Буджакская долина, раскинувшаяся между двумя грядами холмов, медленно просыпалась. С вершины видно, как стелется по земле редкий туман, теряясь среди домов и деревьев. Следом за ним в долину спускается парная упряжка коричневых лошадей. Кони, сдерживая накатывающуюся сзади каруцу с седоками и поклажей, подсаживались на задние ноги, заваливаясь в разные стороны, пялились глазищами назад, закидывая морды, и раскрывали от напруги пасти, раздираемые удилами. Испуганно ржа, скользя, срываясь на зад, за ними следовал годовалый жеребёнок. Уже в самом низу, выходя на ровную дорогу, кони резво побежали, подгоняемые возом, громыхающим коваными ободами колёс. Впереди, на прямых ногах, резво бежал жеребёнок, горделиво закинув хвост набок.

– Савва, разбуди отца, – мать проговорила одними губами, но сыну показалось, – её слова разнеслись по всей долине. – И гляди в оба, – Василиса отдавала распоряжения, не оборачиваясь. Она не сомневалась – сын слышит и исполнит. Сама же пристально вглядывалась вдаль. – Долину пересечём, и на том подъёме будет турецкий дозор. Пройти бы его быстрее, а там и передохнём.

– Тате! Просыпайся! – Савва принялся тормошить тюки по всей каруце, ища отца. – Мамка говорит, скоро турецкий дозор.

Среди уложенного скарба зашевелилось ватное одеяло.
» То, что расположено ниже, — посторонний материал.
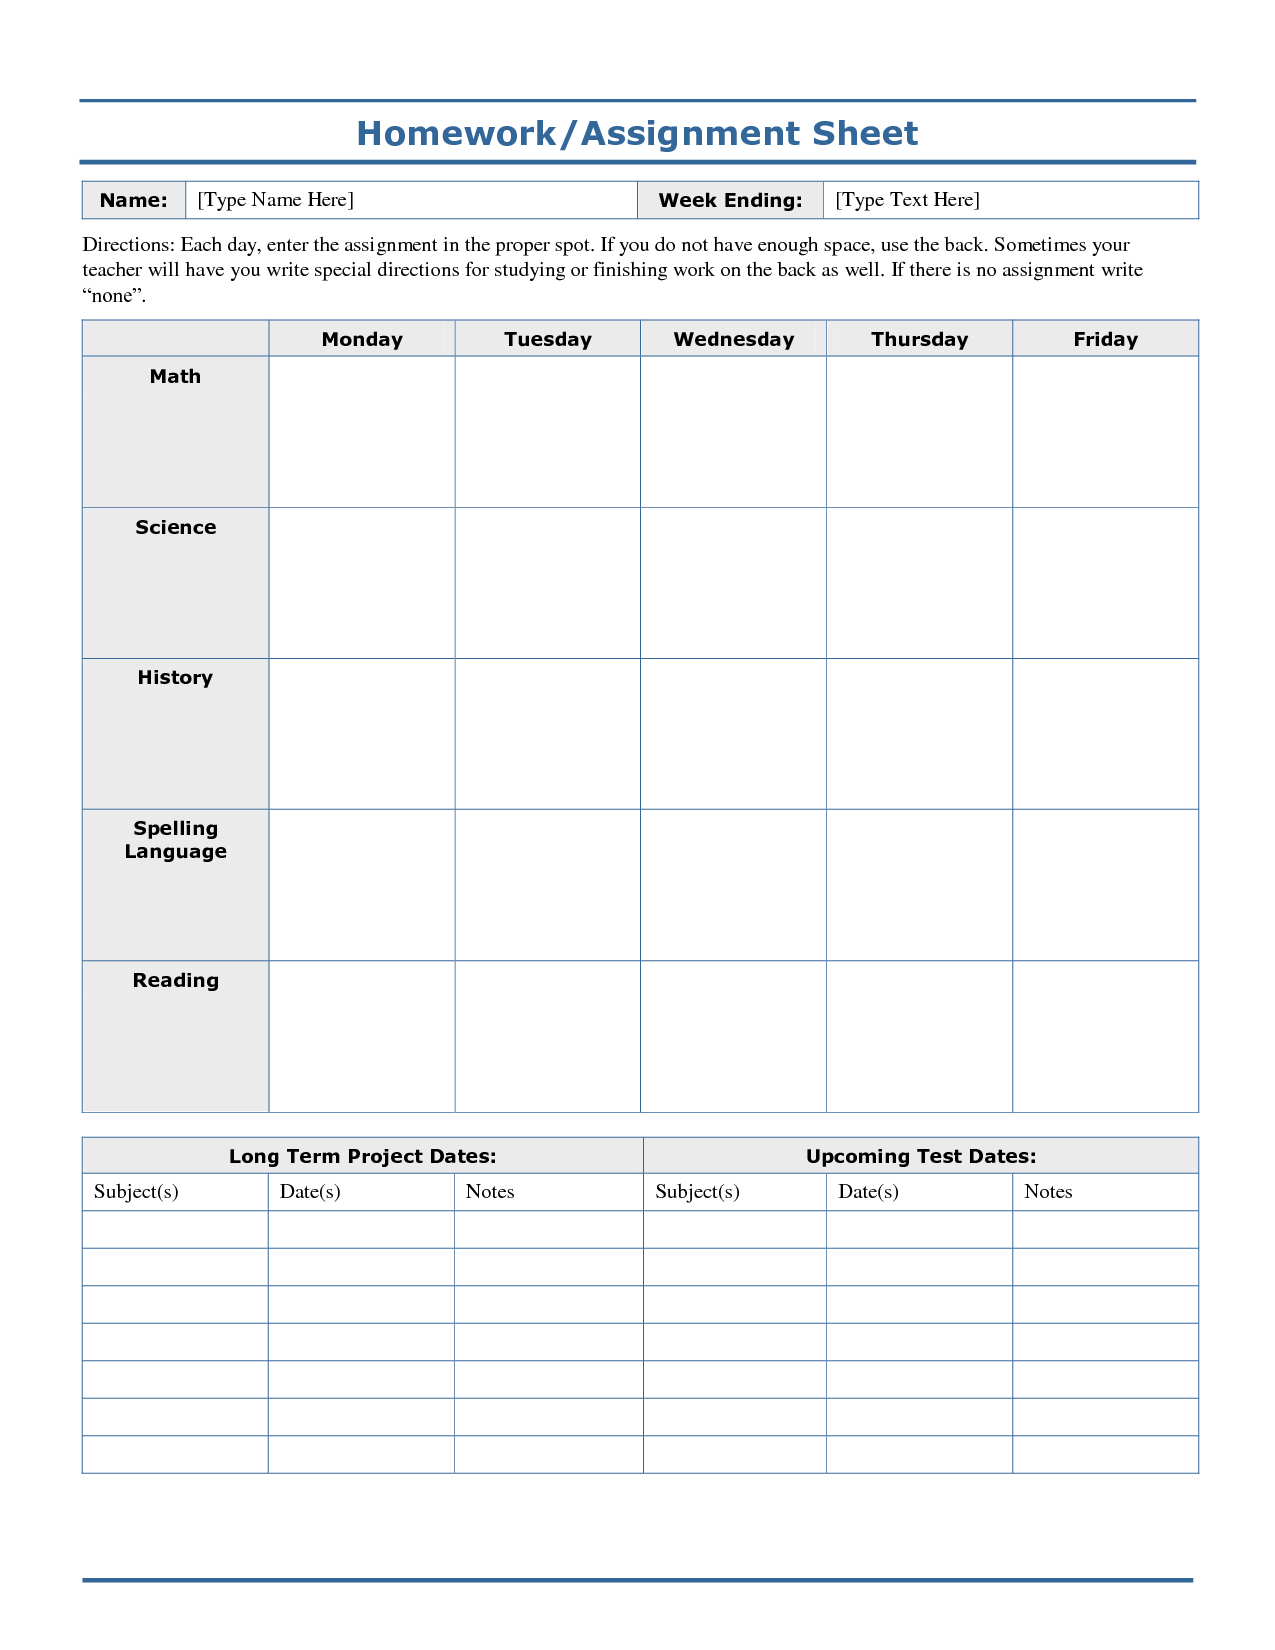 Weekly+Homework+Assignment+Sheet+Template | Logs | Homework Sheet - Free Printable Homework Assignment Sheets

– Тетово проехали? – тут же спросила вынырнувшая из-под него седеющая, заспанная голова мужчины.

Кони, учуяв голос хозяина, замедлили шаг, закивали головами и остановились, фыркая наперебой.

– Цыганок где? – щурясь восходящему солнцу, мужчина огляделся по сторонам.

– Отстал. Нагонит сейчас, – ответил Савка.

– От Килии на север идём. Подъезжаем к Болграду, – глянув на мужа через плечо, отозвалась Василиса, всё время, пока тот спал, правившая лошадьми. Она не стала понукать остановившимся животным, а запросто соскочила на землю и принялась расхаживать засидевшиеся ноги.

Степан женился на ней по совету отца и ни разу не пожалел о выборе. Тогда отец пришёл с лугов, они с мужиками и бабами скирдовали сено. Размотал тряпицу, которая прикрывала рану, и, глядя на запёкшуюся кровь, сказал:

– Стёпка, тебе надо на Василиске жениться. Зашлю сватов, – хитро улыбнувшись, выставил пораненную руку: – Гляди, как девка цапнула. Крепкие зубы у женщины – верный признак здоровья. Здоровых будет рожать детей. – И тише добавил: – И верной будет.

Так Василиса стала его женой и тылом. Степан смотрел на супругу, разминающую ноги, и дивился крепкой поступи этой женщины. Василиса замерла, подбоченясь, и Степану показалось, что вот сейчас дай ей за что-нибудь уцепиться, и она тряхнёт землю. И это его жена, мать его сына. Степан с силой сжал кулаки и зубы, врезаясь головой в тюки. Именно за это боролся он с товарищами там, у себя на родине, в Болгарии, и готов был отдать жизнь. Что он ищет здесь, на чужбине? Место его там! Чтобы не разрыдаться, Степан закусил кулак. И когда боль пронзила всё его тело, он уже знал, что делать. Он будет готовить своё возвращение и вернётся с большим отрядом соотечественников. Подготовятся, вооружатся и начнут большое народное восстание.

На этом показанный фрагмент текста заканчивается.